** Opening PROVIDED MATERIAL block **

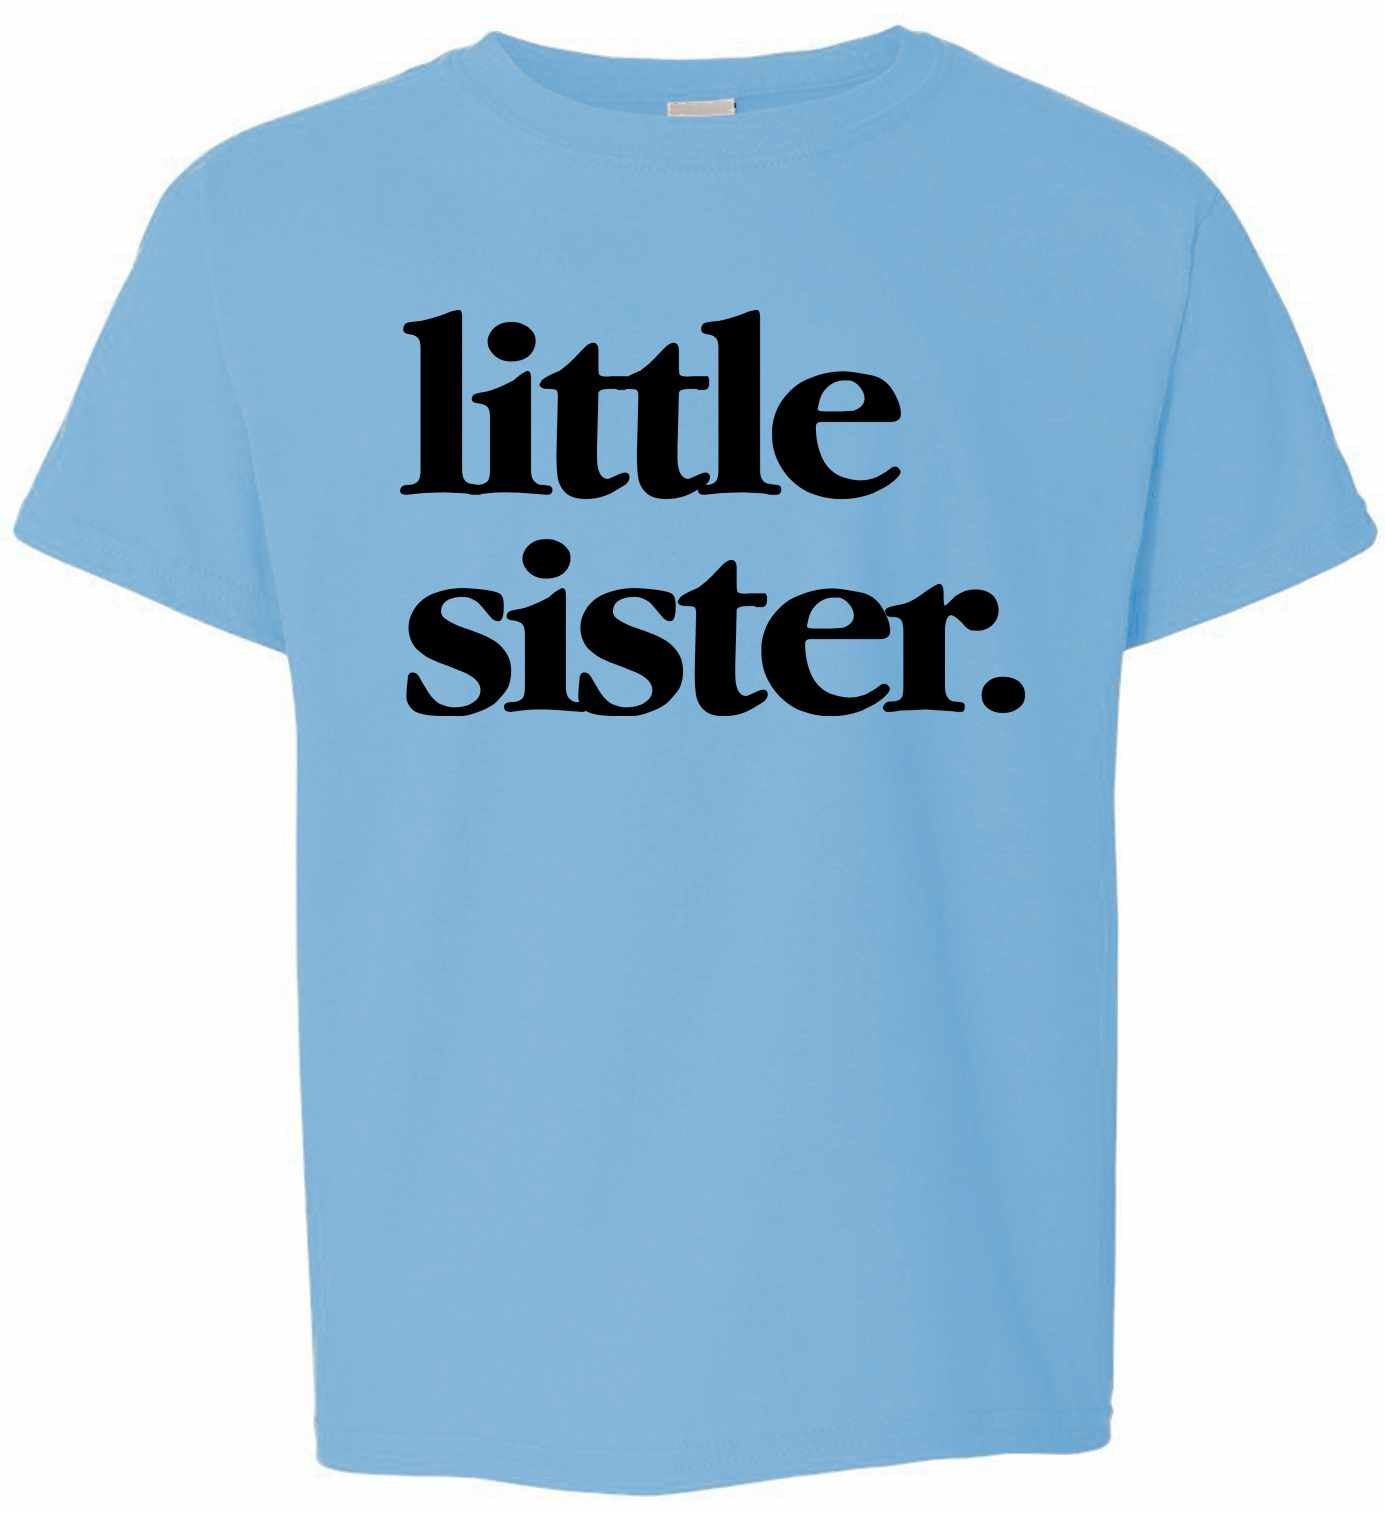 Little Sister on Kids T-Shirt (#1321-201)
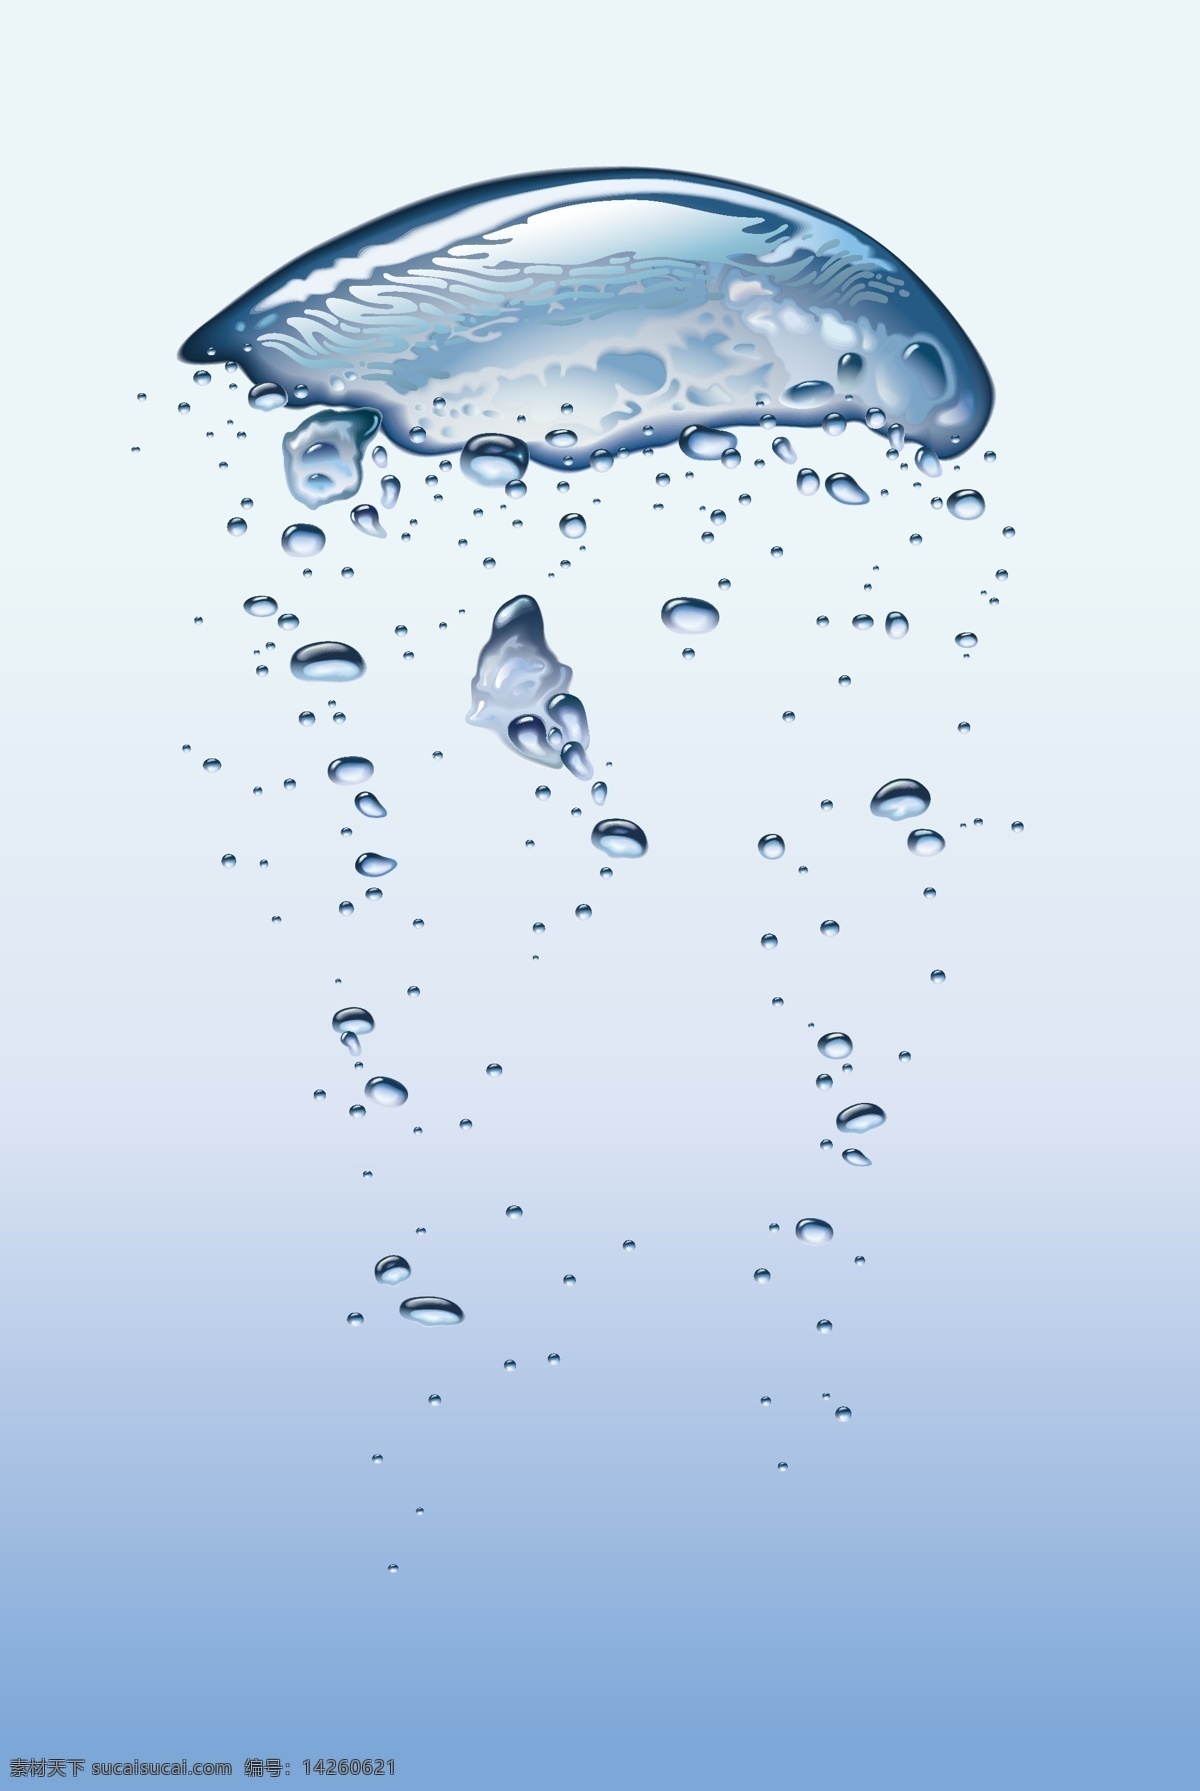 蓝色水母 水 水母 水泡 泡泡 蓝色 设计素材 文化艺术
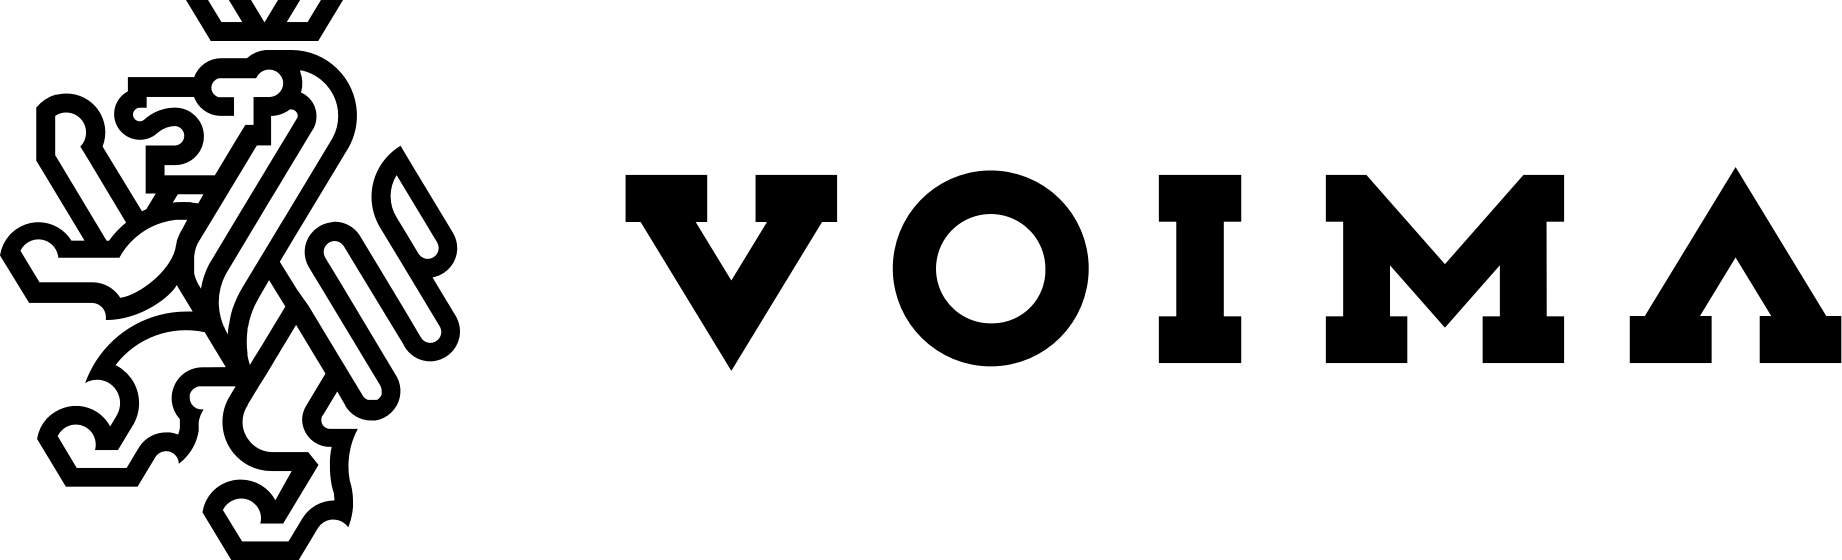 Voiman logo, joka koostuu kruunatusta leijonasta vasemmalla, jonka ohessa lukee Voima.

** Closing PROVIDED MATERIAL block **

PROMPT
When you reach the line that contains "蓝色水母 水 水母 水泡 泡泡 蓝色 设计素材 文化艺术", start copying the listing word for word and stop only after its last line, without any pictures.

WRITTEN RESPONSE
 蓝色水母 水 水母 水泡 泡泡 蓝色 设计素材 文化艺术
 Voiman logo, joka koostuu kruunatusta leijonasta vasemmalla, jonka ohessa lukee Voima.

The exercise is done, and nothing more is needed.